Our registered office: Unit 6 Victoria Way, Newmarket, England, CB8 7SH
1.2 What This Document Covers
This document sets out the terms on which we supply products and services. By requesting a quote, placing an order, or receiving products/services from us, you agree to be bound by these terms.
1.3 How Contracts Are Formed
A legally binding contract is formed when:
- We issue you a written Proposal (quote); AND
- You accept it in writing; OR
- You receive products/services from us (whichever happens first)
2. Website Submission Terms & Confidentiality Policy
2.1 Submitting Project Briefs Through Our Website
When you submit a project brief, specification, or quote request through our website at www.anthrotek.com, the following terms apply before a formal contract is in place:
2.1.1 How We Handle Your Submissions
We treat all website submissions with professional care and handle them in accordance with:
- Our data protection and privacy policies
- UK GDPR and Data Protection Act 2018
- Industry best practices for confidential information
2.1.2 Confidentiality Before Contract Formation
IMPORTANT: Until a formal contract (including any standalone NDA) is signed by both parties:
- ✓ We will handle your submission with reasonable care
- ✓ We will use your information solely to prepare and deliver a quote
- ✓ We will not share your specific project details with third parties without your consent
- ✗ However, your submission is NOT subject to the full confidentiality obligations in Section 7 below
- ✗ We do not commit to formal NDA-level confidentiality until an NDA or Contract is executed
2.1.3 Internal Use of Submission Data
We may use anonymised or aggregated data from website submissions for:
- Internal training and quality improvement
- Service development and business planning
- Market research and trend analysis
Where we do so, we remove identifying information and do not attribute specific details to your organisation.
2.1.4 Requesting an NDA Before Disclosure
If your project brief contains highly sensitive information, we strongly recommend you:
- Request a mutual NDA BEFORE submitting detailed technical specifications
- Use the NDA request option in our website quote form
- Wait for the NDA to be executed before sharing proprietary details
We will typically issue a mutual NDA within 48 hours of request and scope it narrowly to your specific project.
2.2 Our NDA Policy
2.2.1 When We Accept NDAs
We routinely accept mutual NDAs for projects where customers are disclosing:
- Proprietary designs, specifications, or technical requirements
- Confidential research data or clinical information
- Trade secrets or competitive intelligence
2.2.2 What Our NDAs Cover
Standard AnthroTek mutual NDAs are scoped to:
- Protect YOUR confidential disclosures related to the specific project
- Protect OUR proprietary technologies, formulations, and processes
- Allow BOTH parties to continue general business activities outside the project
2.2.3 What Our NDAs Do NOT Restrict
CRITICAL CARVE-OUT: Our NDAs explicitly preserve our right to:
- ✓ Accept and fulfil projects from other customers (including your competitors)
- ✓ Develop similar or identical products independently
- ✓ Use our own background IP, processes, and methodologies freely
- ✓ Retain and improve our proprietary material science formulations
- ✓ Continue R&D in our core technology areas
Example: If you brief us to develop a synthetic liver model, our NDA protects your specific design requirements and clinical data.
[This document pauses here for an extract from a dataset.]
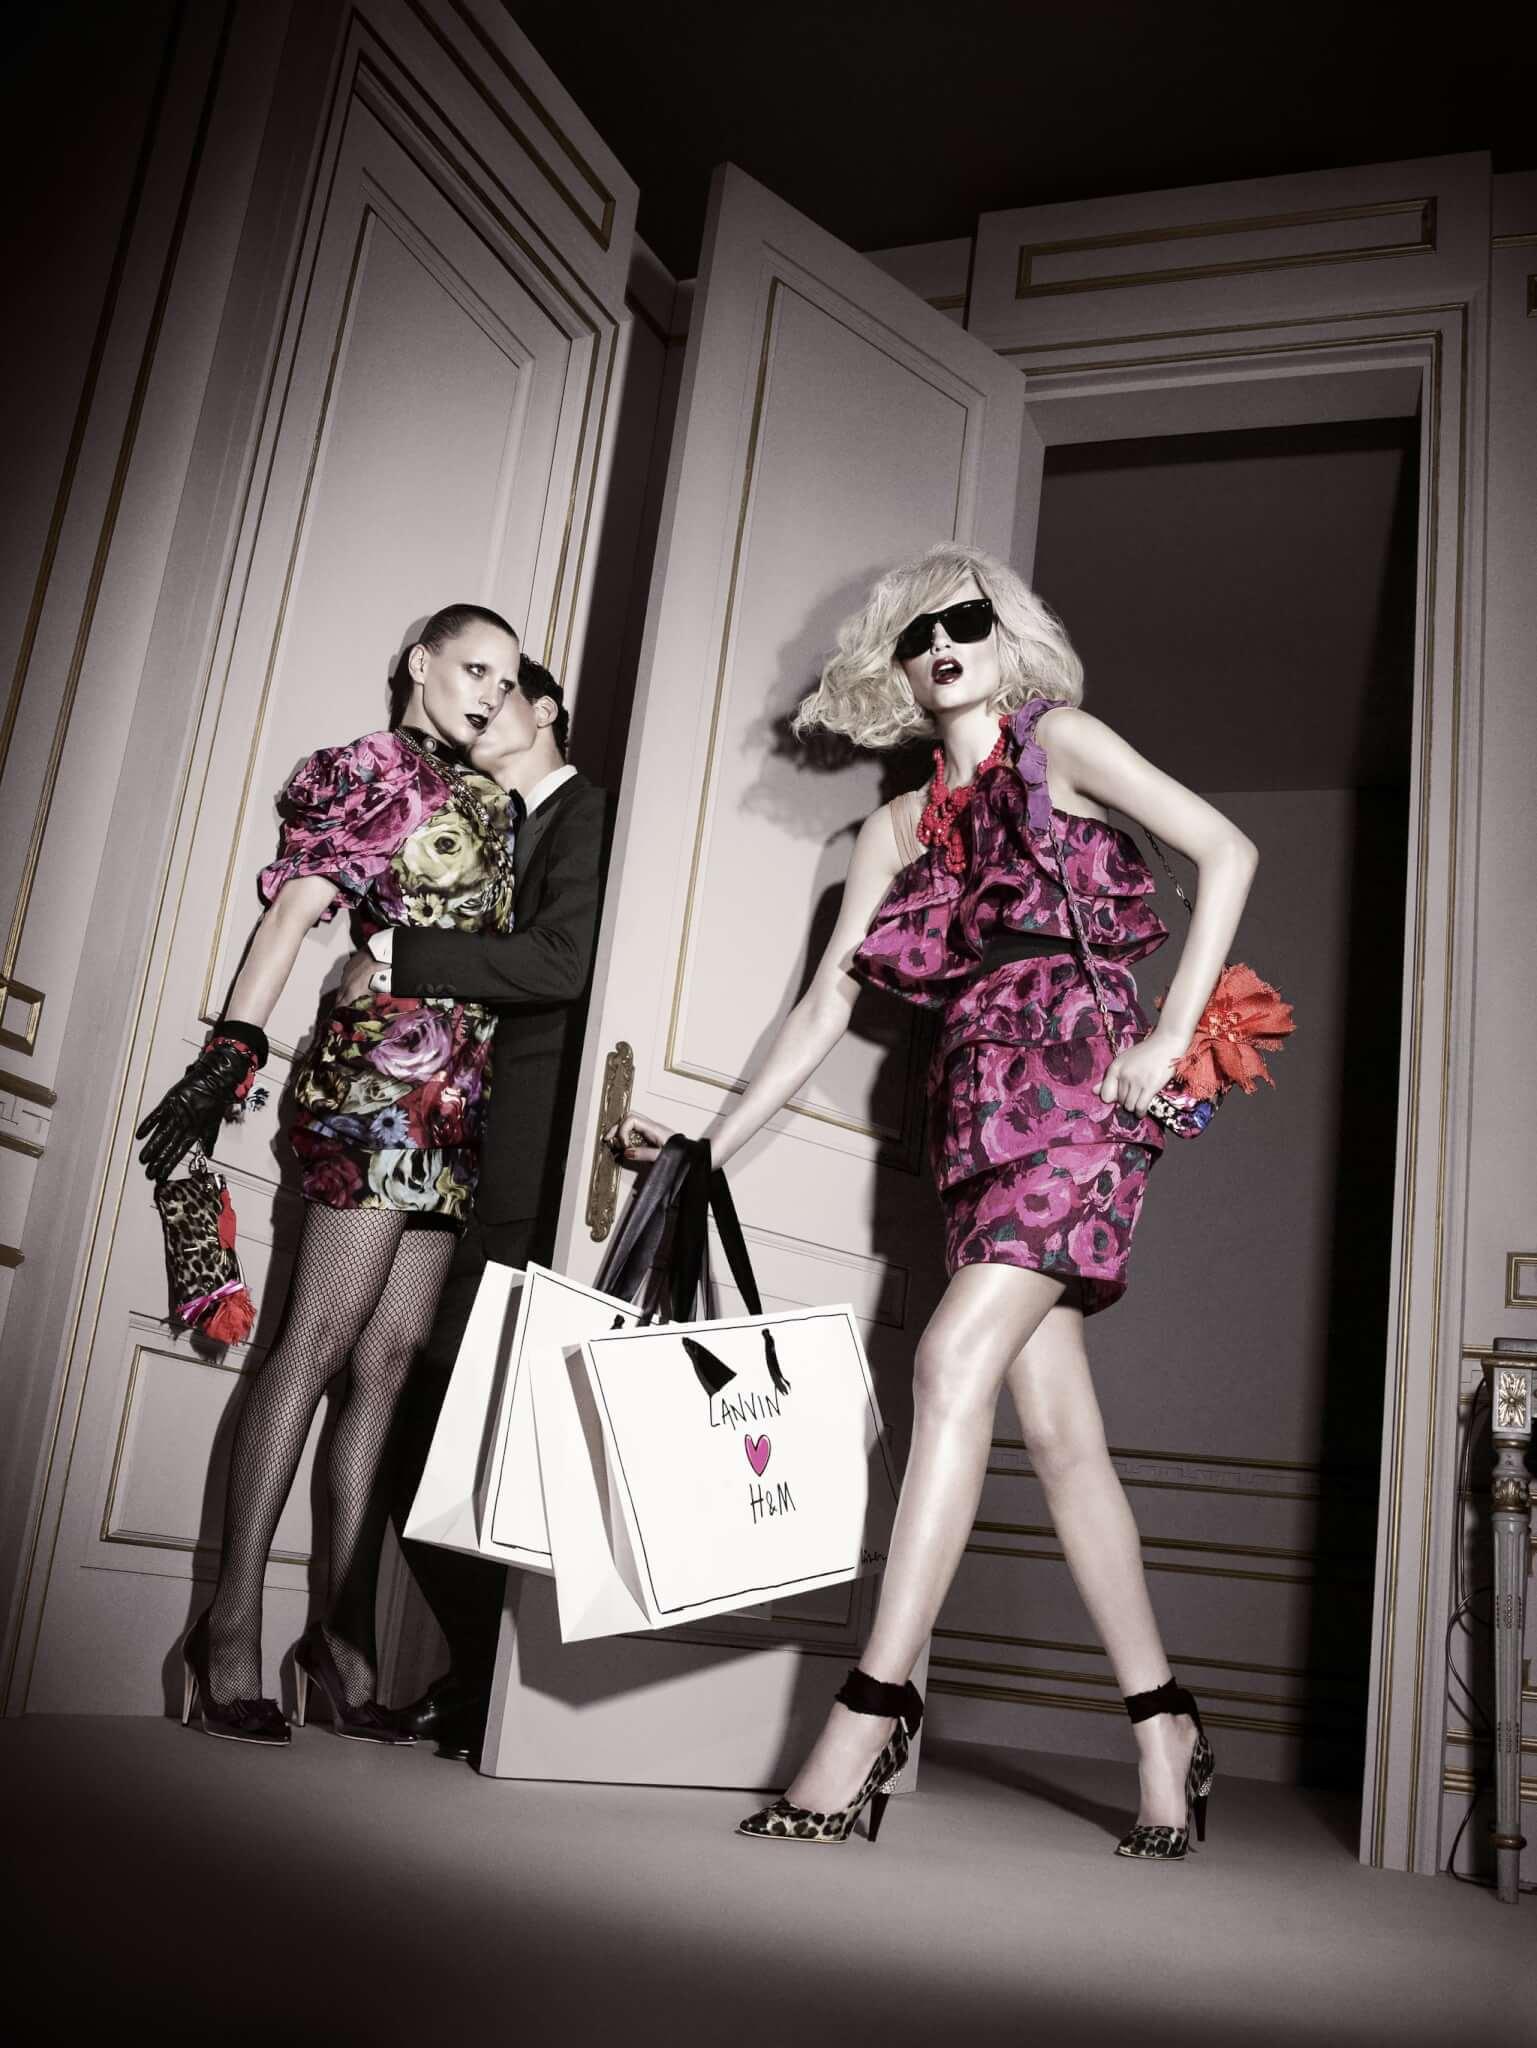 2011 Lanvin X H&M

However, it does NOT prevent us from developing liver models for other customers, nor does it restrict our ongoing research into hepatic tissue simulation.
2.2.4 NDAs We May Decline or Modify
We reserve the right to decline or request amendments to proposed NDAs that would:
- Grant you exclusive rights to our core technologies
- Prevent us from serving other customers in the same sector
- Restrict our ability to develop products in our standard catalogue
- Impose indefinite confidentiality on non-trade-secret information
- Create unworkable operational constraints on our business
2.2.5 Commercial Exclusivity (Not Granted Unless Explicitly Contracted)
We do not grant exclusivity unless expressly agreed in writing.
If you require any form of commercial exclusivity (whether for specific product designs, technology platforms, market sectors or applications, or geographic territories), you must request this separately and it will be subject to standalone negotiation, pricing, and formal documentation.
2.3 Independent Development and Non-Exclusivity
2.3.1 We Serve Multiple Customers
You acknowledge that:
- We serve customers across overlapping industries and applications
- We may receive similar or identical project briefs from multiple parties
- We may independently develop products or technologies similar to yours
2.3.2 Your NDA Does Not Block Our Core Business
Nothing in any NDA with us shall:
- Prevent us from pursuing our ordinary course of business
- Restrict development of products for other customers
- Create obligations beyond protecting your specific confidential disclosures
2.3.3 Clean Room Development
Where appropriate, we may use "clean room" development practices to ensure:
- Your confidential information is isolated from general R&D
- Teams working on your project do not cross-contaminate other projects
- Our internal processes maintain clear separation of customer-specific IP
2.4 Website Data Collection and Cookies
For information on how we collect, use, and protect data submitted through our website, please see:
3. How We Work: Quote-to-Contract Process
3.1 Stage 1: You Submit a Brief
Via our website quote form or direct email to info@anthrotek.com
3.2 Stage 2: We Review and Respond
- We review your brief within 2 UK working days
- If your brief requires an NDA, we issue one within 48 hours
- We may request clarifying information or a discovery call
3.3 Stage 3: We Issue a Proposal
Our written Proposal includes:
- Scope of work and deliverables
- Pricing and payment terms
- Timeline and milestones
- Any special conditions
3.4 Stage 4: Contract Formation
You accept by:
- Signing and returning the Proposal; OR
- Issuing a purchase order referencing the Proposal; OR
- Accepting delivery of products/services
Once accepted, the full terms below apply.
4. Delivery of Products and Services
4.1 What We Deliver
We supply:
- Products: Anatomical models, synthetic organs, simulation devices, SkinTech systems, prosthetics, and custom-engineered items
- Services: R&D, prototyping, materials testing, and consultancy
- Deliverables: Physical outputs specified in your Proposal
4.2 Delivery Terms
- Products delivered Ex Works (Incoterms 2020) from our Newmarket facility
- Ownership transfers upon full payment
- Standard delivery timeline: 6-8 weeks from finalised brief (custom projects)
- We may deliver through group companies or approved subcontractors
4.3 Delays Beyond Our Control
We are not liable for delays caused by:
- Faults in materials or information you supply
- Changes to your requirements mid-project
- Your failure to meet agreed obligations (Section 5)
- Force majeure events (strikes, pandemics, supply chain disruption)
5. Your Obligations
5.1 Cooperation
You must:
- Provide accurate project information promptly
- Supply any agreed materials, data, or resources
- Respond to our queries without unreasonable delay
- Comply with all legal and regulatory requirements for your intended use
5.2 Regulatory Compliance
CRITICAL: You are solely responsible for:
- Obtaining necessary authorisations, licenses, and approvals for your use of our products
- Classification of products (if they become medical devices in your hands due to your specific application)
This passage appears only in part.